Fernando Pérez makes the case for collaboration at TEDxBerkeley Infle(x)ion.

March 11, 2019

In a few years, if we walk down the campus, and we ask a random student about analyzing and making inferences from data...that will be as natural as using email, Facebook, or a web browser because data science is becoming part of the educational and intellectual fabric of UC Berkeley

- Fernando Pérez

Presenting at the TEDxBerkeley Infle(x)ion 10th anniversary event, Fernando Pérez, UC Berkeley professor, IPython creator, and Project Jupyter co-founder, made an enthusiastic case for an open, collaborative atmosphere of discovery to help connect students and professionals to scientific research.

Pérez started his academic career studying physics in his hometown of Medellin, Colombia. In 1996, he left to pursue a PhD in theoretical physics in Boulder, Colorado in hopes of finding an atmosphere that celebrated openness and collaboration. The move eventually led to the development of IPython, an interactive computing interface that promotes both those ideals by making it easier to visualize and share analyses with others in a browser format, and Project Jupyter, which supports the open-source exchange. While he initially figured IPython would take only an afternoon to complete, in reality it has become part of a work in progress that has continued over the past 18 years.

IPython helped him use the computer as a “conversation partner,” ultimately enabling him to  share his research around the world, an aim he soon discovered he had in common with many other researchers.
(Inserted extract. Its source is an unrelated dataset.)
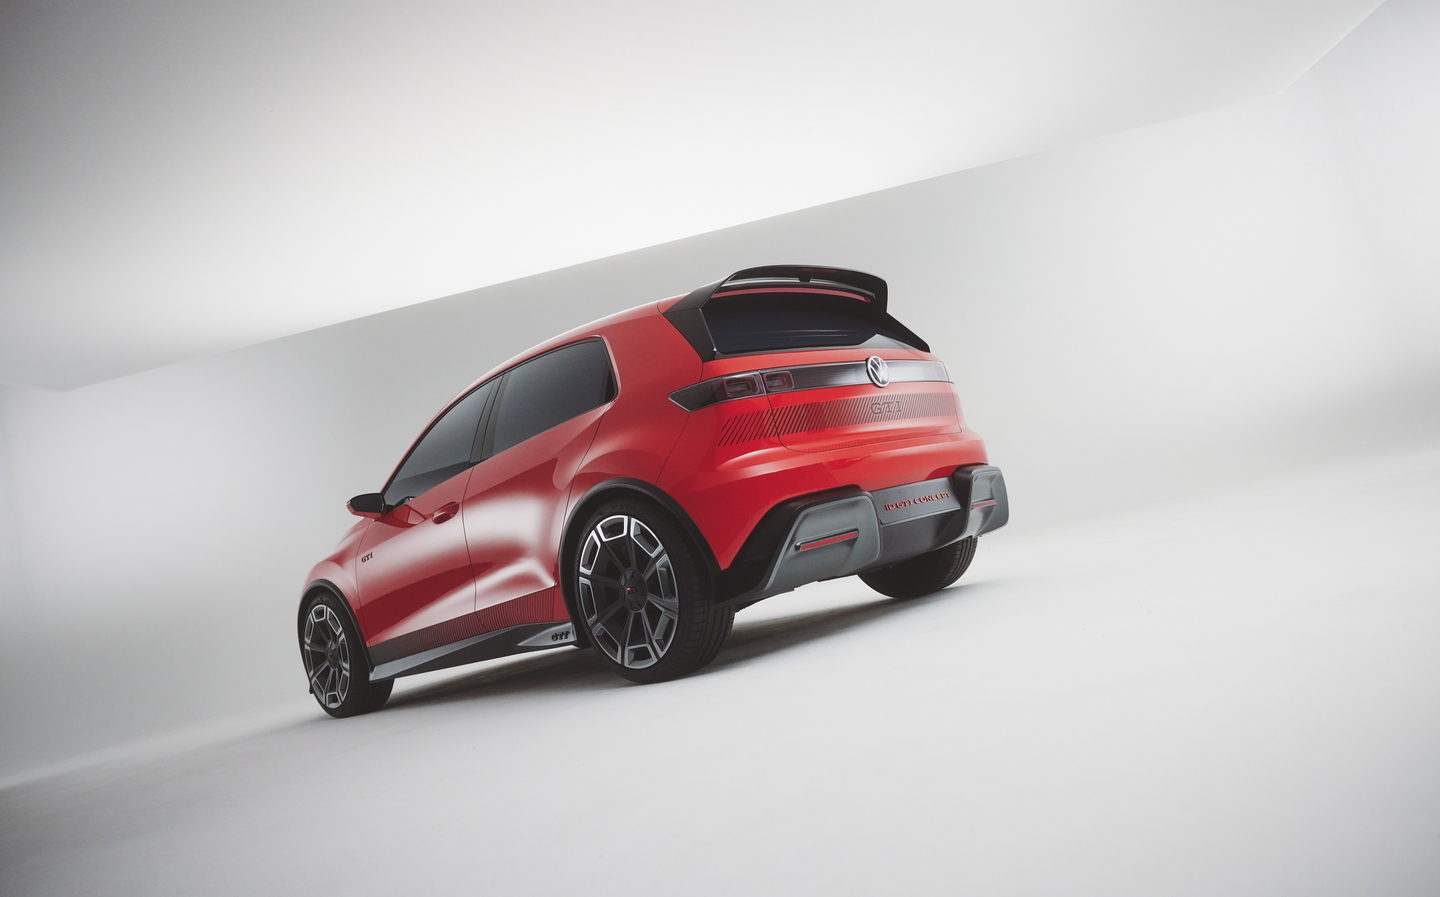 concept car, electric, hot hatch, id. gti, munich motor show, volkswagen, volkswagen id. gti concept previews fast version of forthcoming id.2 electric car

Just one example was his good friend, the late John D. Hunter, a neuroscientist at the University of Chicago who researched how severe epilepsy worked in children and built tools for making this and other research more broadly accessible, including Matplotlib, a library of visualization tools. The two friends became part of a larger community of scientists and researchers who were driven by an interest in tech but  who also wanted to work collaboratively instead of tearing each other down. In this community, they found many like-minded individuals who were interested in building together in a space of open-source scientific development.
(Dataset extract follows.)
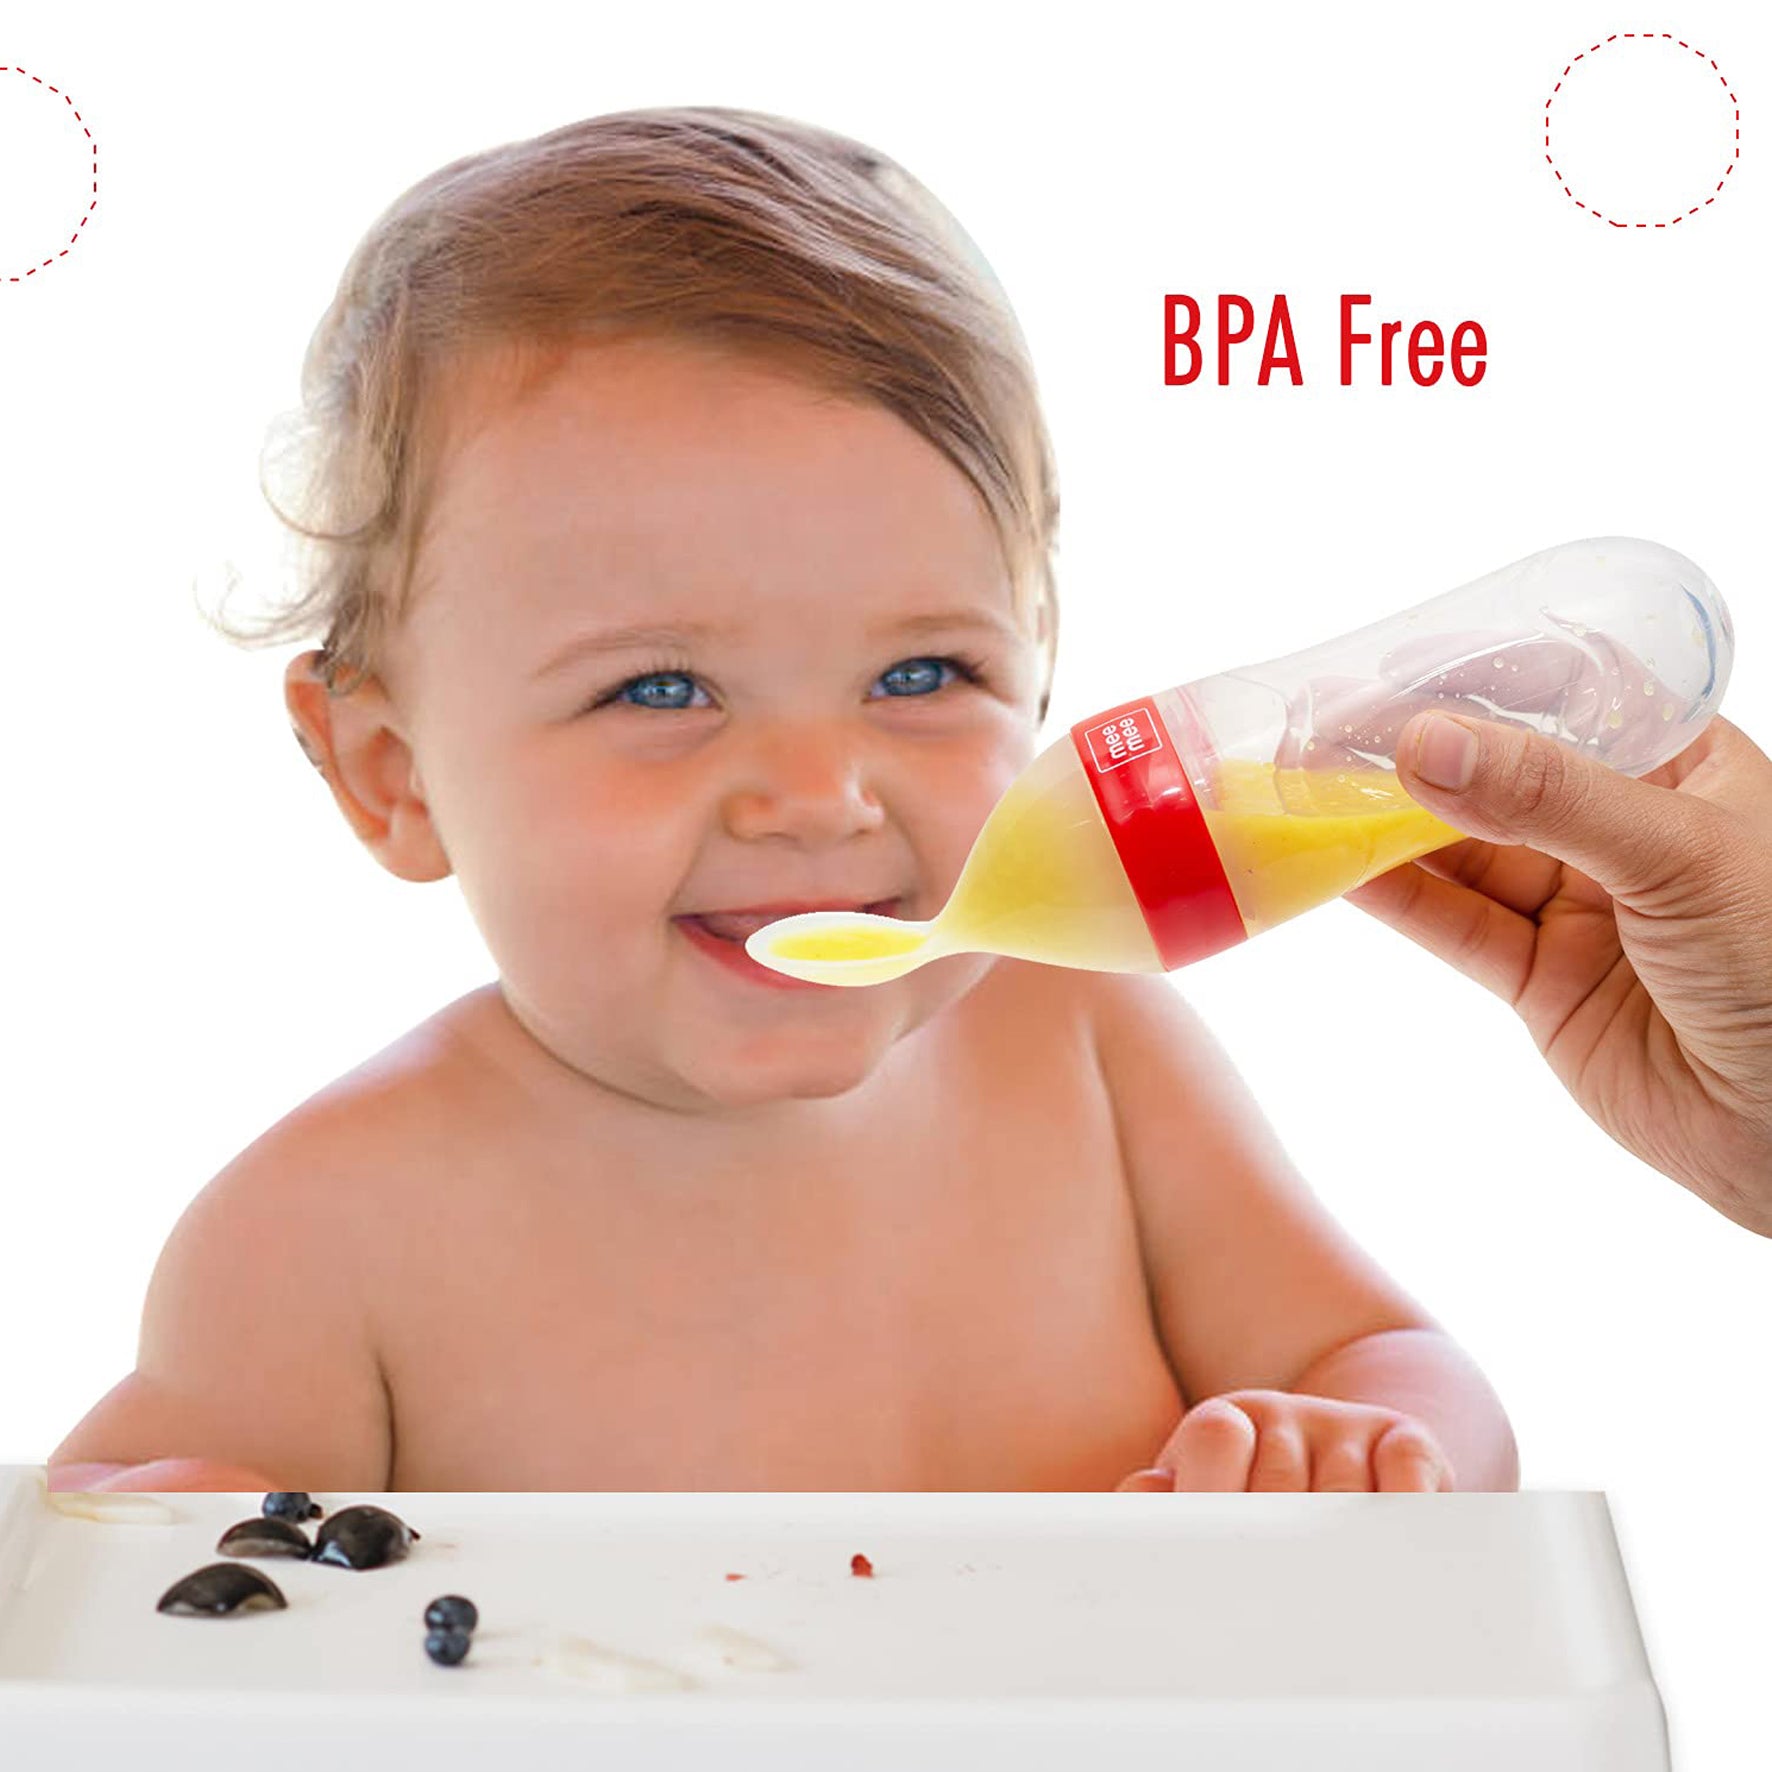 Mee Mee Squeezy Silicone Spoon Food Feeder for Babies of 6 to12 Months with in-Built Stand

Professor Pérez described traveling with Hunter and others from this community to a conference on scientific computing to teach a workshop for students from impoverished rural areas in India. The students were able to learn about the different tools the team used in their research and then contribute back to IPython. This kind of collaborative and empowering dynamic would have been impossible if it weren’t for these new open source and inclusive tool sets, he said.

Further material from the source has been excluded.